When I was 18, I couldn’t wait to get out of here.
The city of Altoona was built by the Pennsylvania Railroad. When the railroad declined, Altoona declined with it. It never seemed to shake that decline. It stuck to the city. And I always perceived it as a place where you would get stuck if you didn’t get out.
Situated between Philadelphia and Pittsburgh, Altoona was a Vaudeville stop in the late 19th century. Long after the joke tellers left, the city became sort of a joke because it never seemed to find a way to move forward and modernize.
Growing up in this town, poverty was right there all the time.
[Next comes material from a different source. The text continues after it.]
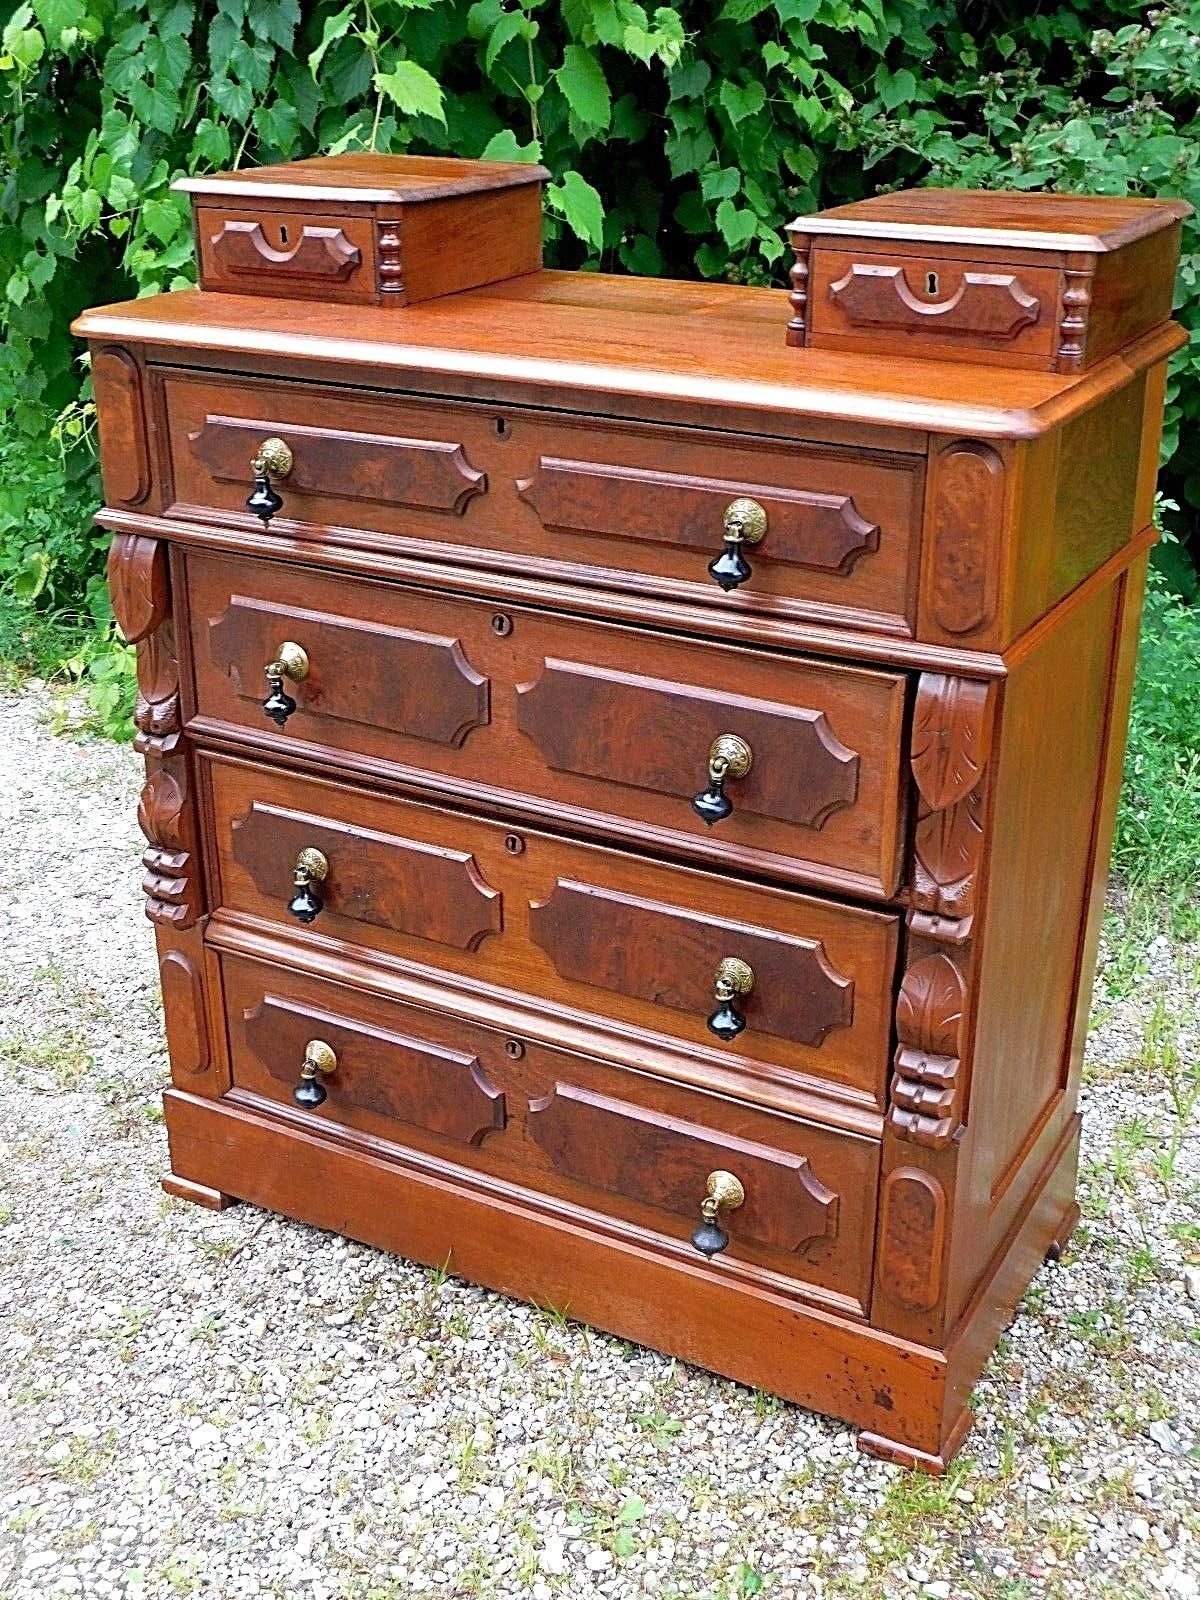 Walnut Antique Victorian Ornate Dresser with hankie drawers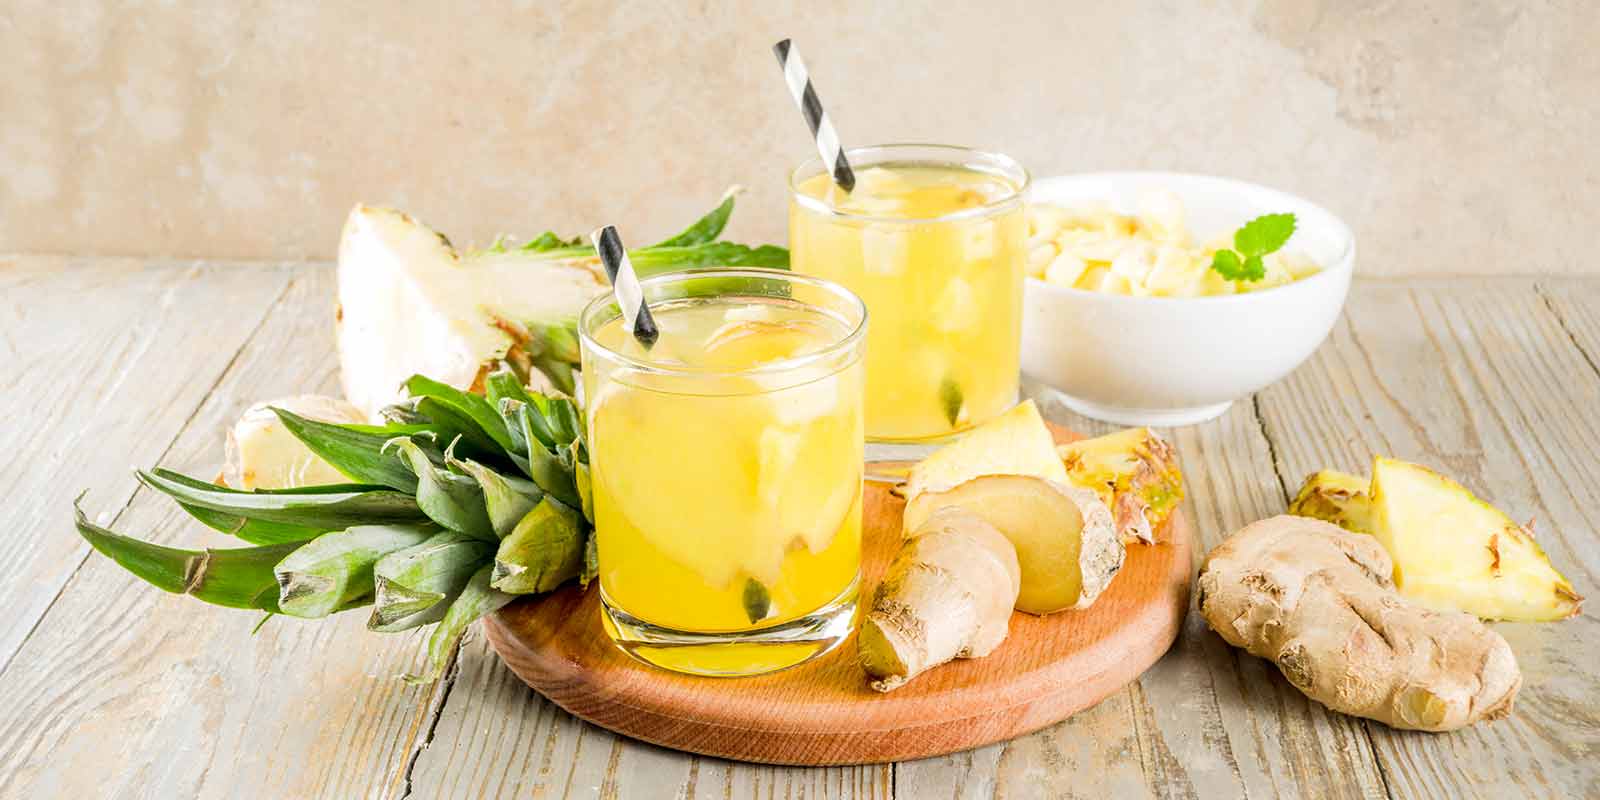 Gläser gefüllt mit Wasser, Ananas und Ingwer

You could see it and smell it. It seemed like we could only get so far ahead of it, and it scared me. We were the working poor before that was even a term, and we were broke at the end of the month a lot.
You inherited an accent here that said, “I’m not very sophisticated.” I never realized it until I moved away to college over in neighboring Happy Valley and my peers made fun of me for it. I worked hard to scrub it from the way I talked.
Oh my arrogance.
Yes, my attitude problem about my hometown was (and still is) a reflection of my arrogance. It was also born of a desire to see, do and have more. I can’t fault myself for that. My parents raised me to work hard and pursue. I wanted to pursue life beyond the Allegheny mountain ridges as quickly as possible.
Over the years, when I would come home to visit, this place made me sad in my bones. The drive up North 3rd Street in Juniata only got more and more depressing as the circa 1900 houses deteriorated. I’d see the workers at the locomotive repair shops hunkering deeper into their heavy coats and out into the slush at quitting time. They were the lucky ones, the ones who hadn’t been laid off that year.
When I tell people I just moved back here, they always ask where we were living. Virginia Beach. Then they all inevitably say, “Oh. I’m sorry,” and laugh.
There has literally only been one person who hasn’t said this—a friend from high school who has lived here all her life and thrived. She didn’t say, “I’m sorry.” She said, “It’s not that bad.”
Yep, there was a ringing endorsement that should have made me want to pack up our stuff even faster and break the speed limit to get here.
But something happened pretty quickly after we moved here. I started looking at my hometown with kinder eyes.
It is often gray and cold here. The Penn State meteorologists call it "UK gray." But when the sun comes out, you appreciate it deep in your soul and rejoice in it. As the sun overtakes the clouds on certain mornings, it turns Brush Mountain a mysterious shade of violet blue.
It is still utterly quiet here at night, and you can see deep into the Milky Way because there is so little light pollution.
Nothing is very far away. There is no traffic.
The DMV is almost delightful. You don’t have to wait long and the people who work there are courteous—dare I say friendly—to you.
People are kind. They may be a little hard to warm up at first, as people often are in cold climates, but they have big hearts once they open them to you.
They work hard here in Little Pittsburgh. So very, very hard. And they build lives that are just as worthy and important as any life in any other city or town.
My mother is here. Which means there is rich, extraordinary, unfailing love waiting for me when I go over and make her breakfast.
I’m not sorry we’re here. 40 years later, Altoona’s not bad at all. In fact, it’s pretty good.